The positional encoding problem: Self-attention is permutation-invariant by design — the same tokens in different orders produce the same attention outputs without positional information. You must inject position explicitly.

Three approaches, each with different trade-offs:

1. Sinusoidal Positional Encoding (original Transformer)

Fixed (not learned), uses sine/cosine at different frequencies:

PE(pos, 2i)   = sin(pos / 10000^(2i/d_model))
PE(pos, 2i+1) = cos(pos / 10000^(2i/d_model))
  • Advantage: works for any sequence length (extrapolates to unseen lengths)
  • Disadvantage: performance degrades for lengths not seen during training; no adaptation

2. Learned Absolute Positional Embeddings (GPT-2, BERT)

A trainable embedding table of shape [max_seq_len, d_model], just like token embeddings.

  • Advantage: the model optimizes position representations for the task
  • Disadvantage: hard limit at max_seq_len — cannot extrapolate to longer sequences

3. Rotary Position Embeddings — RoPE (LLaMA, Gemma, Mistral)

Instead of adding position to the embedding, RoPE rotates the query and key vectors in attention by an angle proportional to position. The dot product Q·K then naturally encodes relative position.

Q_rotated = Q * rotation_matrix(pos_q)
K_rotated = K * rotation_matrix(pos_k)
Q·K encodes relative position (pos_q - pos_k)
  • Advantage: encodes relative position → generalizes better to longer sequences; enables techniques like YaRN for context extension
  • Used by: LLaMA-2/3, Gemma, Mistral, Phi, Falcon
  • RoPE with scaling (YaRN, LongRoPE) allows extending context beyond the training length

4. ALiBi — Attention with Linear Biases (MPT, BLOOM)

Adds a position-dependent bias directly to attention scores (not embeddings):

attention_score = Q·K / sqrt(d_k) - m * |i - j|
Where m is a per-head slope and |i-j| is the distance between positions.

  • Advantage: zero extra parameters; strong length generalization beyond training length
  • Disadvantage: doesn't encode exact position, only proximity — can hurt tasks needing absolute position
Encoding Model examples Extrapolates? Relative position?
Sinusoidal Original Transformer Poorly No
Learned absolute GPT-2, BERT No No
RoPE LLaMA, Gemma, Mistral With scaling Yes
ALiBi MPT, BLOOM Yes, naturally Proximity only

Layer Normalization and Residual Connections

Concept

Two techniques that make deep transformers trainable: residual connections and layer normalization.

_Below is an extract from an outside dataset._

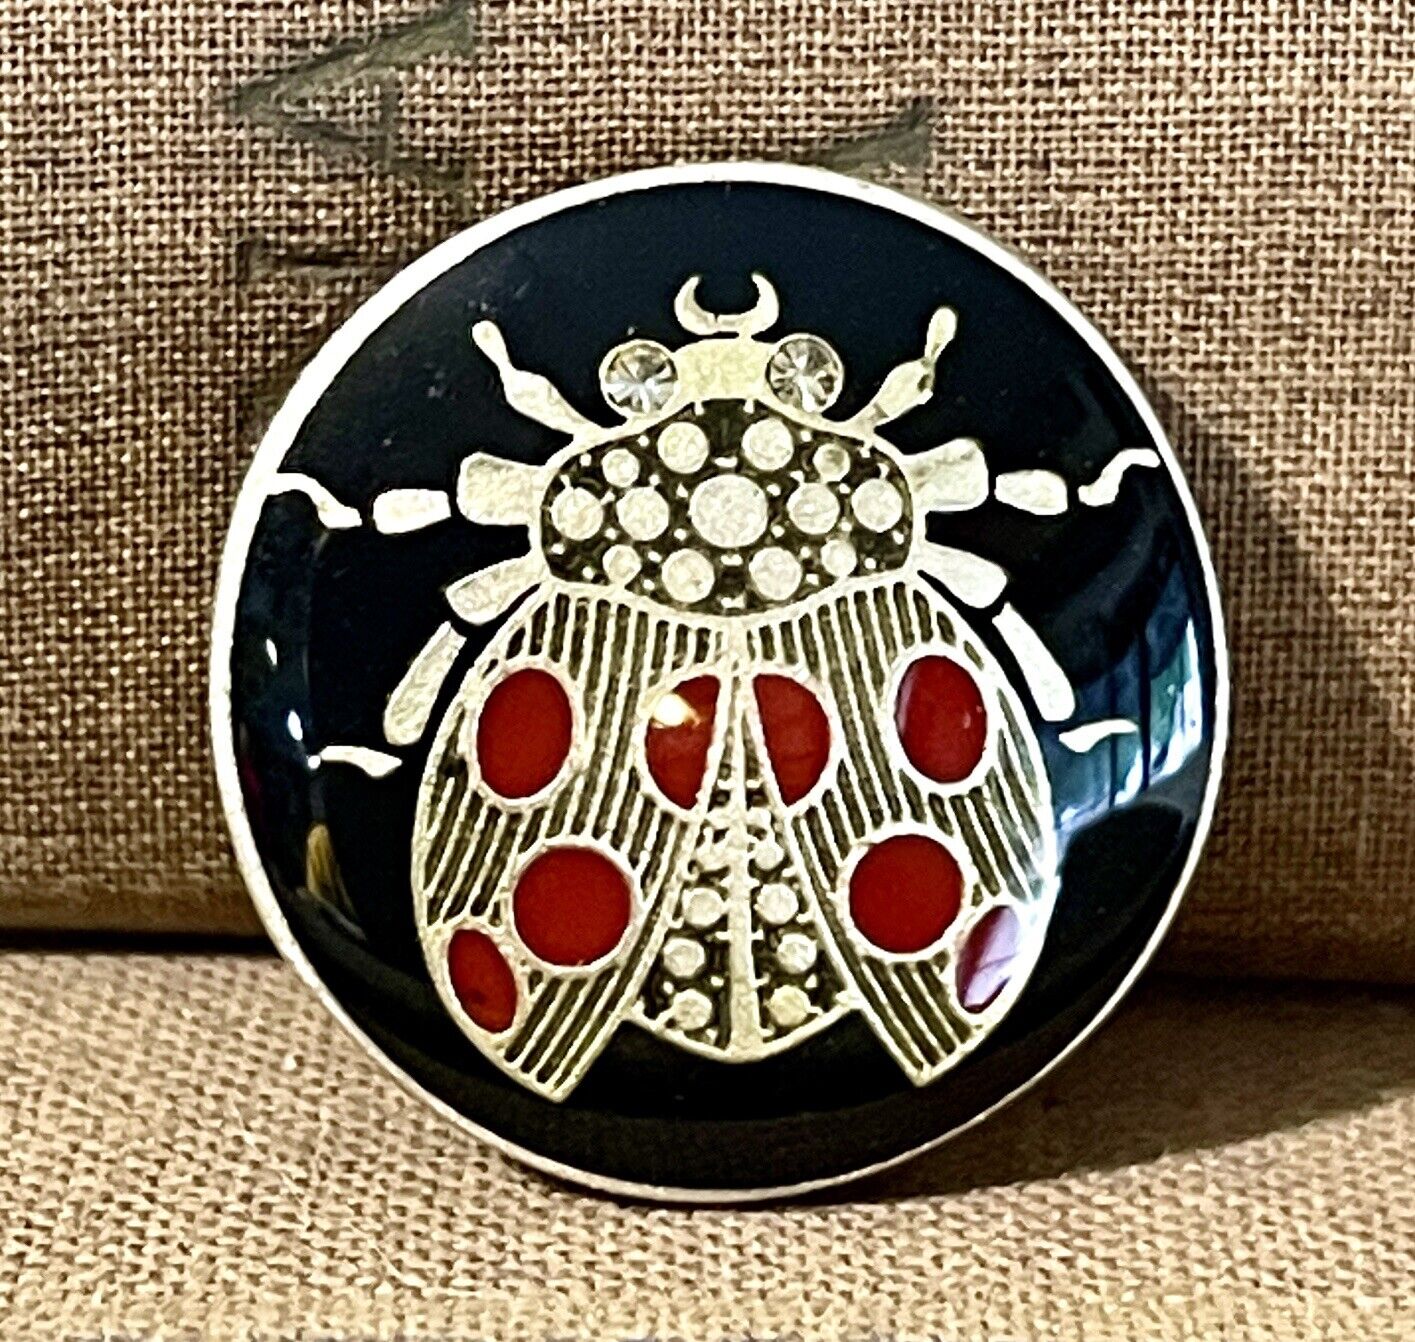 Metal Ladybug Button With Cold Enamel Finish and Rhinestone Eyes￼

Residual connections (He et al., 2016):

output = LayerNorm(x + Sublayer(x))  # Post-LN (original)
output = x + Sublayer(LayerNorm(x))  # Pre-LN (modern)

Why they matter: in a 32-layer network without residuals, gradients must flow through 32 multiplicative transformations and easily vanish to zero or explode. Residuals create a "highway" — gradients can flow directly from the output to any layer without passing through all the transformations.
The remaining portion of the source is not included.